[syslog-ng] syslog-ng dropping log messages forwarded w/TCP

Balazs Scheidler bazsi@balabit.hu
Tue, 7 Mar 2000 21:11:17 +0100


> >Probably the speed of your network is less than required. How fast are
> >you
> >sending those messages? syslog-ng can do with quite high loads (2G logs
> >a
> >day), but it still cannot widen your network bandwidth. Note that log
> >connections in syslog-ng (e.g. a log statement) is not flowcontrolled.
> >This
> >means that messages are continously read even if they have not yet been
> >flushed to the destination.

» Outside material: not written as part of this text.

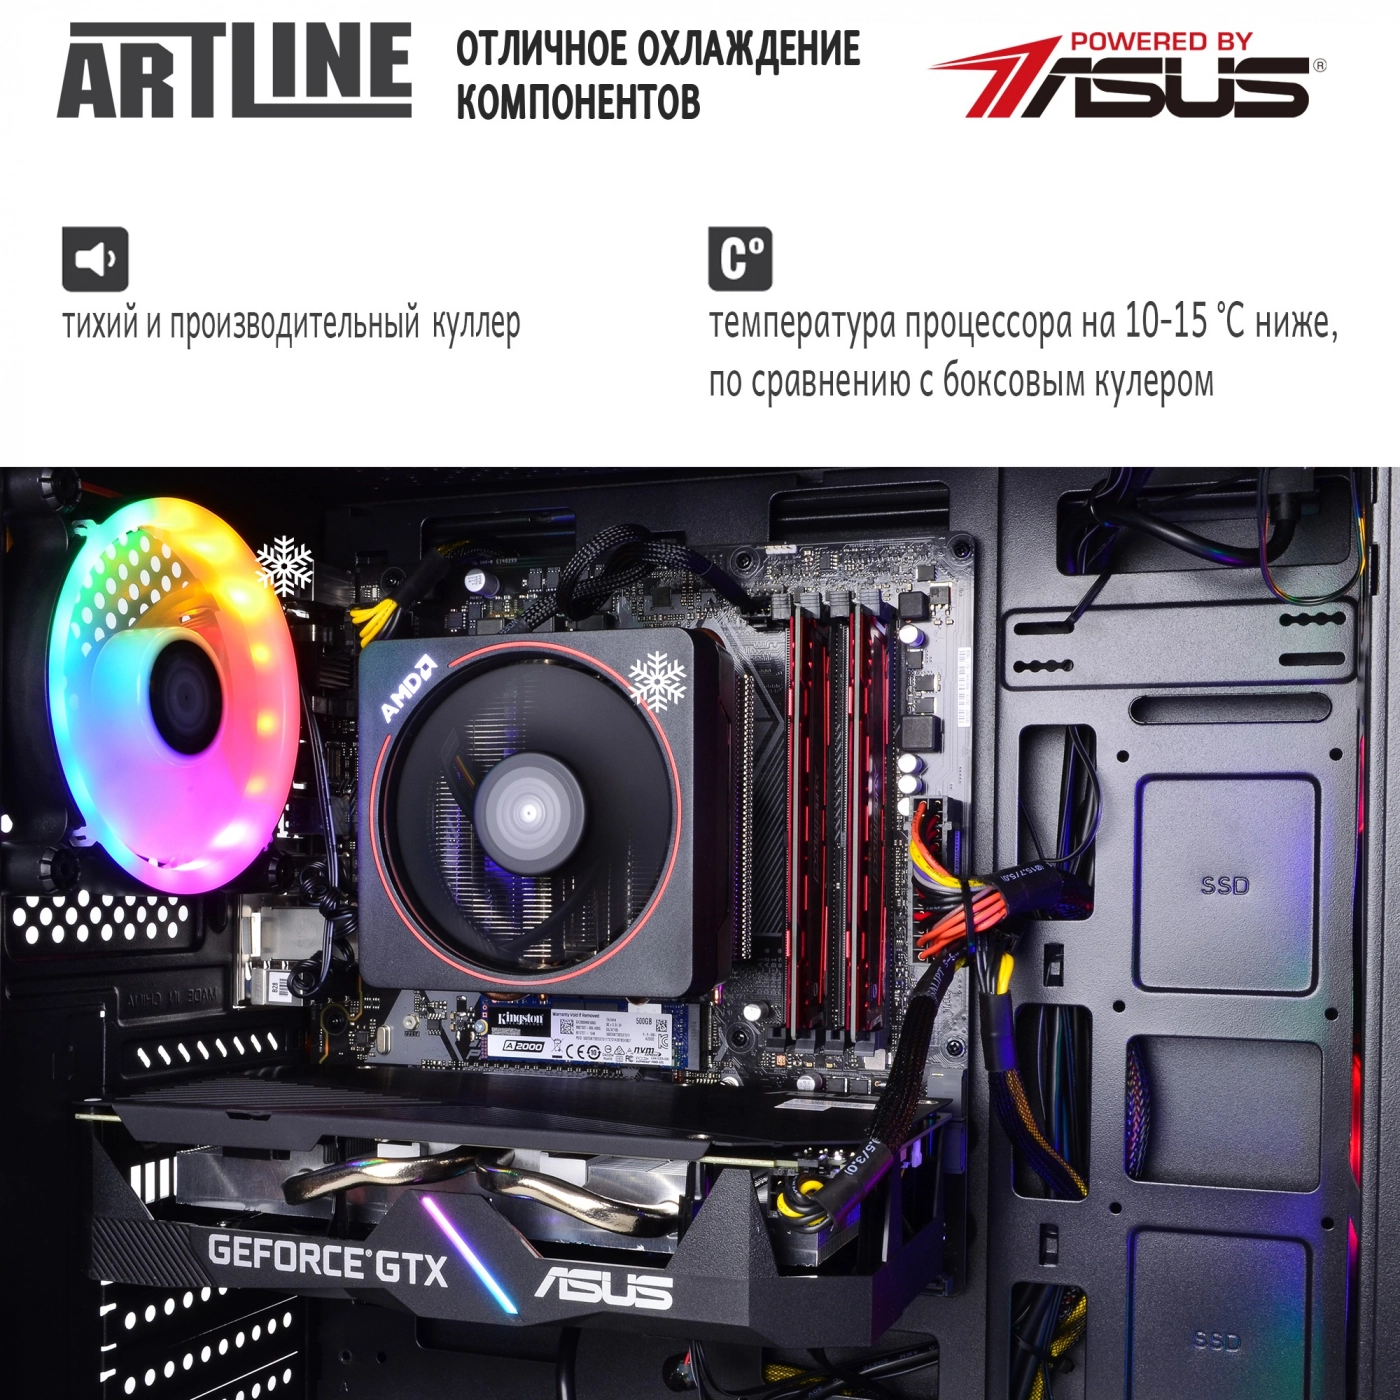 Купить Компьютер ARTLINE Gaming X43v11 - фото 6

The reason behind this is to prevent
> >syslog-ng
> >to become the bottleneck. 
> >
> 
> I don't think we have been quite clear on the nature of the problem.  We
> are sending messages at a very high rate over a named pipe to the local
> syslog-ng, and these messages are being forwarded via tcp to a remote
> machine, and also are logged in a local file.  Our network is switched 100
> Mbps, and the machines at each end are 450 MHz and 600 MHz Intel Pentium
> III with 3Com 3c905B NICs.  It seems unlikely that our network is the
> problem.
> 
> The exact sequence of events is that our program is started which makes
> 100000 log entries in a tight loop.  After the program exits, the local
> log file has all 100000 entries, but the remote log file has only about
> 25000 entries.  No amount of waiting increases the number of entries in
> the remote log.  The entries in the remote log are not sequentially
> numbered.  For example, they skip from 95432 to 96109.  The intervening
> log entries are simply dropped.  This is why we believe the problem is in
> syslog-ng.
> 
> At any rate it is possible that James has found the problem.  Apparently
> the return value of write is not being corretly interpreted when zero
> bytes were written.  Perhaps James will have a patch soonish.

This can also be caused by the garbage collection phase of syslog-ng. Some
time is spent in the garbage collector and during this period /dev/log is
not read, if /dev/log is a unix-dgram device, some messages may be lost here.

Garbage collection thresholds can be set via the gc_idle_threshold and
gc_busy_threshold directives in the options statement, like this:

options { gc_busy_threshold(10000); gc_idle_threshold(30); };

The number you give here is when to start garbage collection (how many
objects were allocated). I think you should try increasing busy threshold to
prevent syslog-ng to go into gc while in bursts.

To see whether this is the real cause of the problem, run syslog-ng with
-dv, and check "Garbage collecting while {idle,busy}" messages.

-- 
Bazsi
PGP info: KeyID 9AF8D0A9 Fingerprint CD27 CFB0 802C 0944 9CFD 804E C82C 8EB1
     url: http://www.balabit.hu/pgpkey.txt